The emergence of endometriosis, especially when undergoing treatment, requires a reasonable selection of treatment methods based on one's own condition. In addition, attention should also be paid to daily care.
Treatment of endometriosis
The treatment of endometriosis should be selected based on the patient's age, symptoms, location and extent of the lesion, as well as fertility requirements, in order to achieve the goals of reducing and clearing the lesion, reducing and controlling pain, treating and promoting fertility, and preventing and reducing recurrence. The lesion can be removed surgically or controlled by medication.
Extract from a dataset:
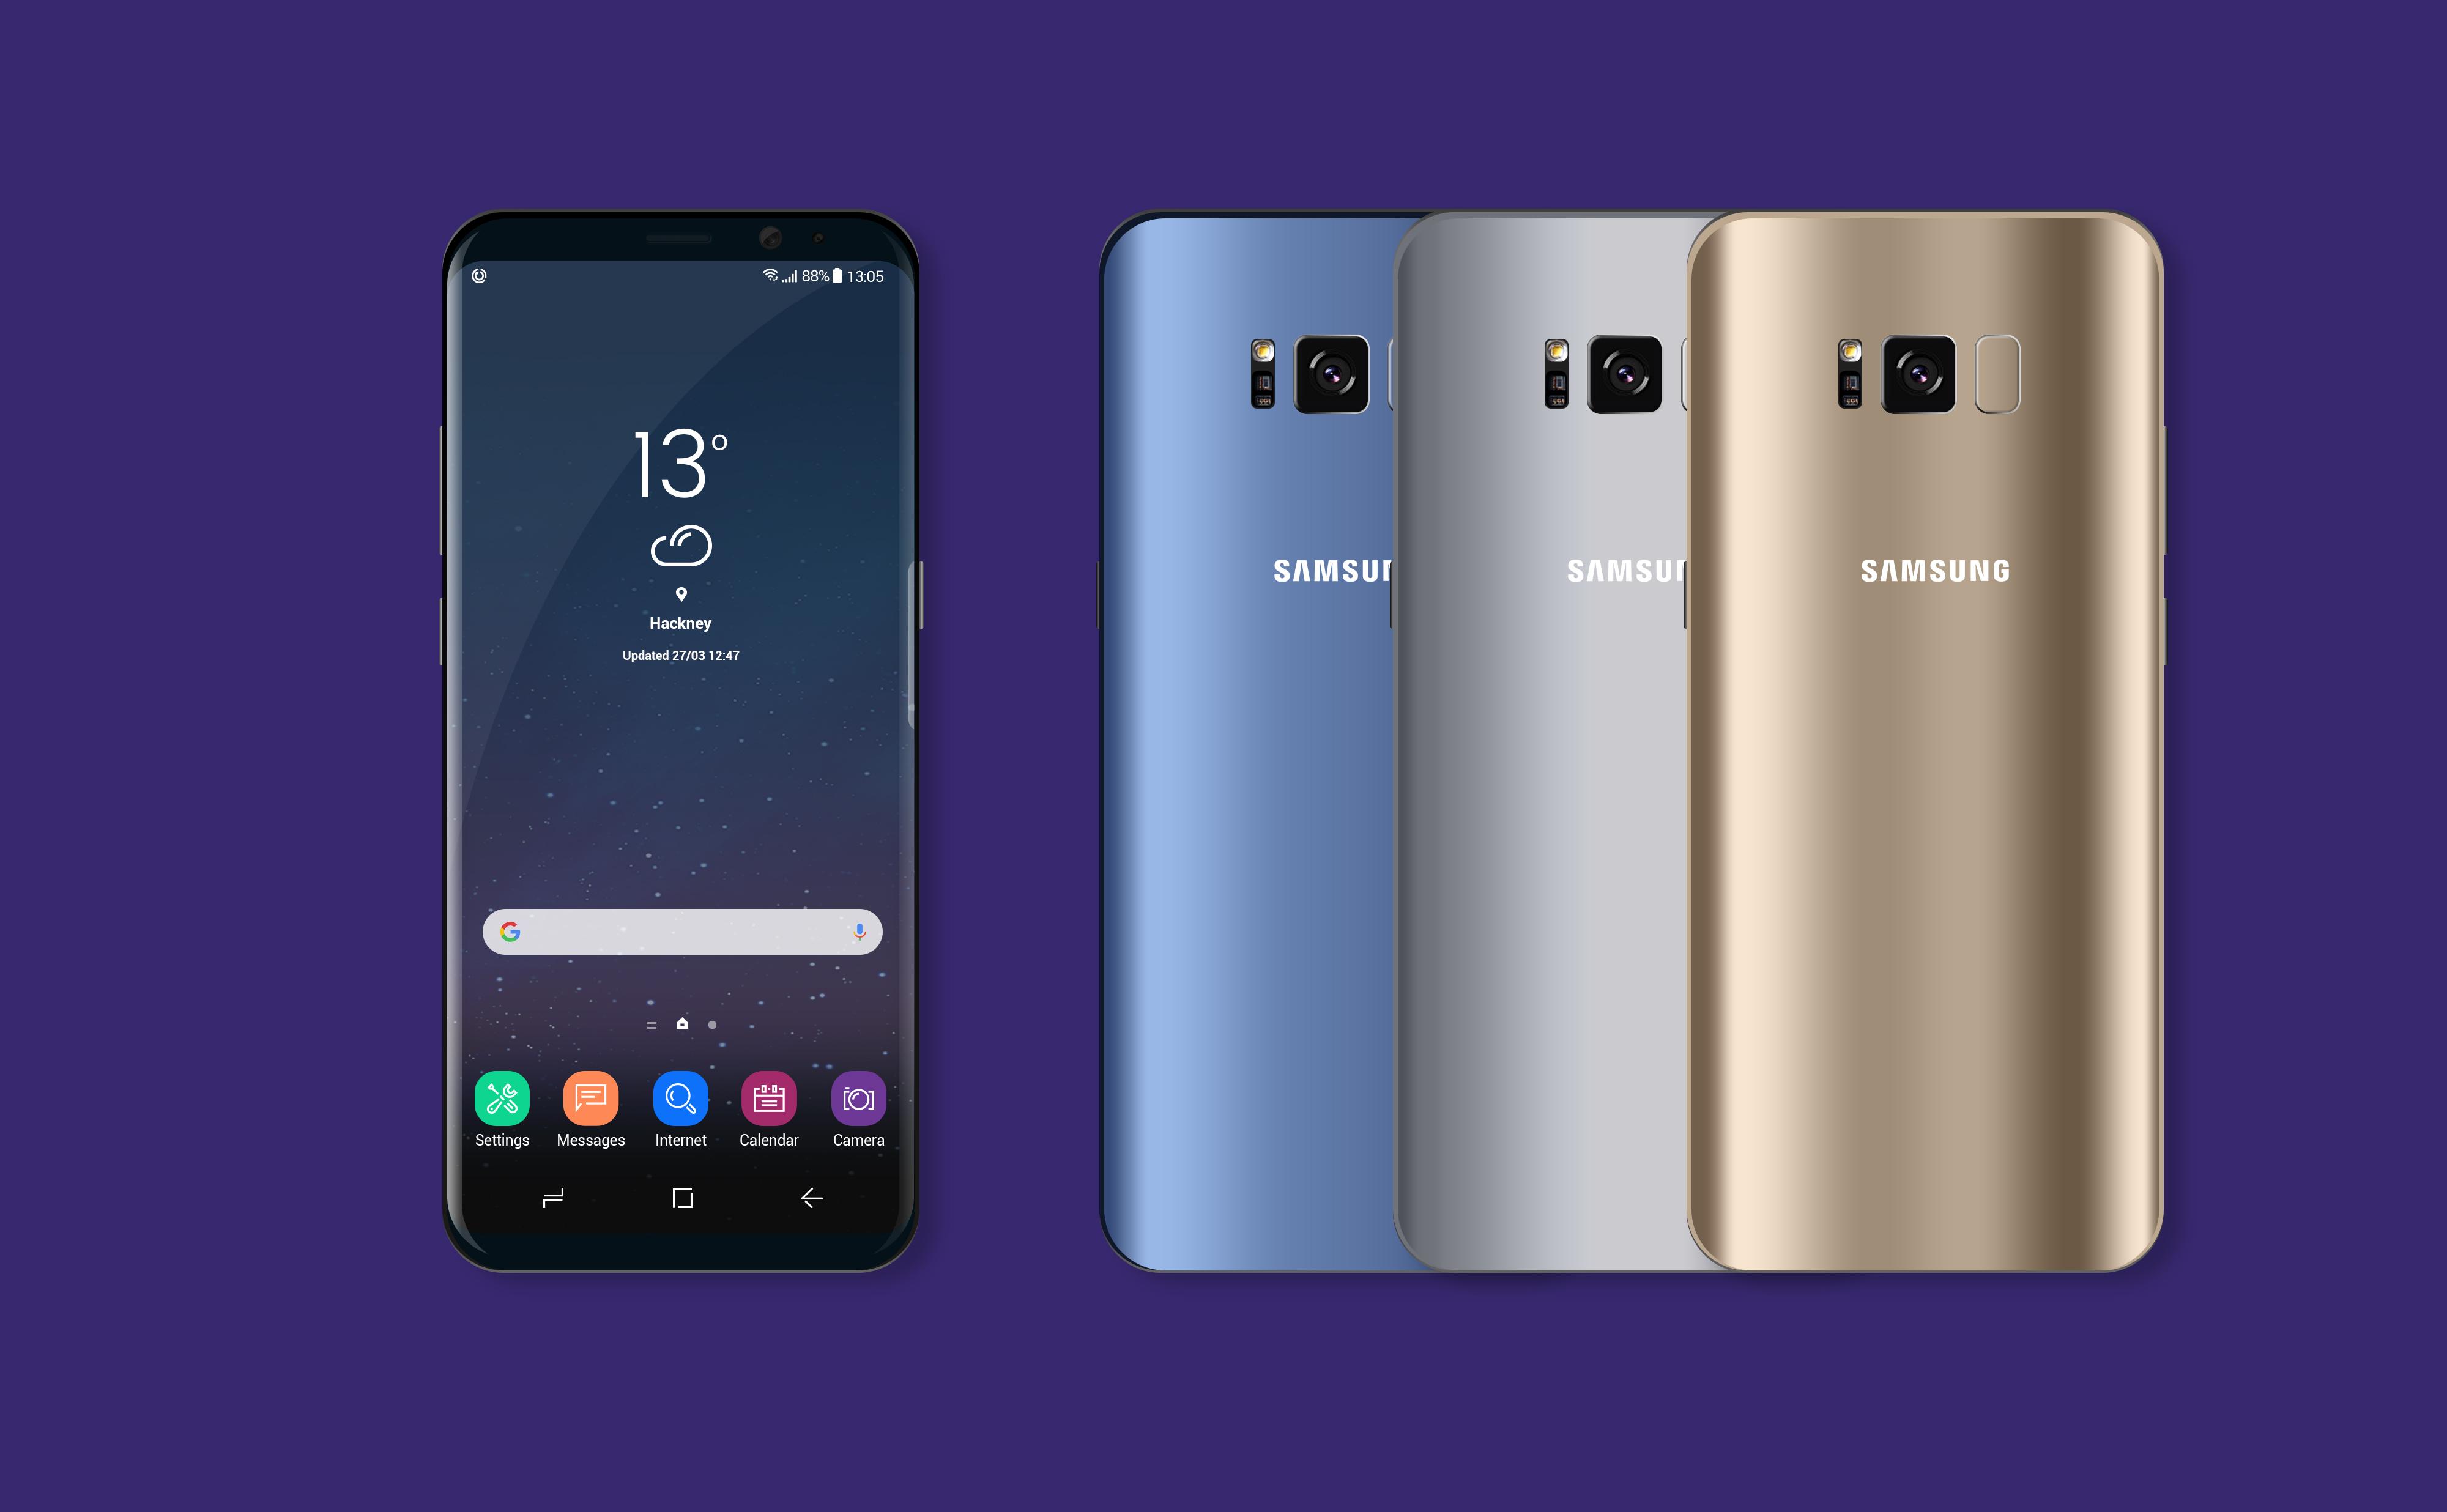 Samsung Galaxy S8 Landing Page Mockup PSD Free Download

Patients with mild endometriosis should prioritize treatment. Follow up regularly to treat mild menstrual abdominal pain caused by pathological changes symptomatically. Prostaglandin synthetase inhibitors can be given, such as indomethacin, coagulant, ibuprofen, etc. Women preparing to conceive should avoid taking medication and promote pregnancy as soon as possible. After pregnancy, the ectopic endometrium lesions necrosis and atrophy, and it is expected that postpartum symptoms will ease and cure.
Drug therapy for endometriosis
1. Oral contraceptive pills: They can lower the levels of pituitary gonadotropins and directly affect the endometrium and ectopic endometrium, leading to endometrial atrophy and reduced menstrual flow. At present, low-dose and high-efficiency progesterone ethinylestradiol composite preparations are commonly used in clinical practice, with a daily dosage of 1 tablet and continuous use for 6-9 months. It is suitable for patients with mild endometriosis.
2. Pregnancy hormone: By artificially synthesizing high-efficiency pregnancy hormone, it inhibits the secretion of pituitary gonadotropins, forming an acyclic low estrogen state. It works together with endogenous estrogen, causing high pregnancy hormone amenorrhea and endometrial detachment to form pregnancy. The dosage used is 3-4 times the contraceptive dosage, used continuously for 6 months.
3. Pregnancy trione: It has anti pregnancy hormone, severe anti estrogen, and anti glandular effects, reducing estrogen levels in the body, causing ectopic endometrium atrophy and absorption. Take 2.5mg twice a week, starting from the first day of menstruation, for a course of 6 months.
4. Danazol: Inhibits hormones, directly binds to female and pregnancy hormone receptors in the endometrium, inhibits endometrial cell proliferation, and ultimately causes endometrial atrophy and amenorrhea. Suitable for patients with mild and severe endometriosis and obvious dysmenorrhea. Starting from the first day of menstruation, take 200mg orally 2-3 times a day for 6 months.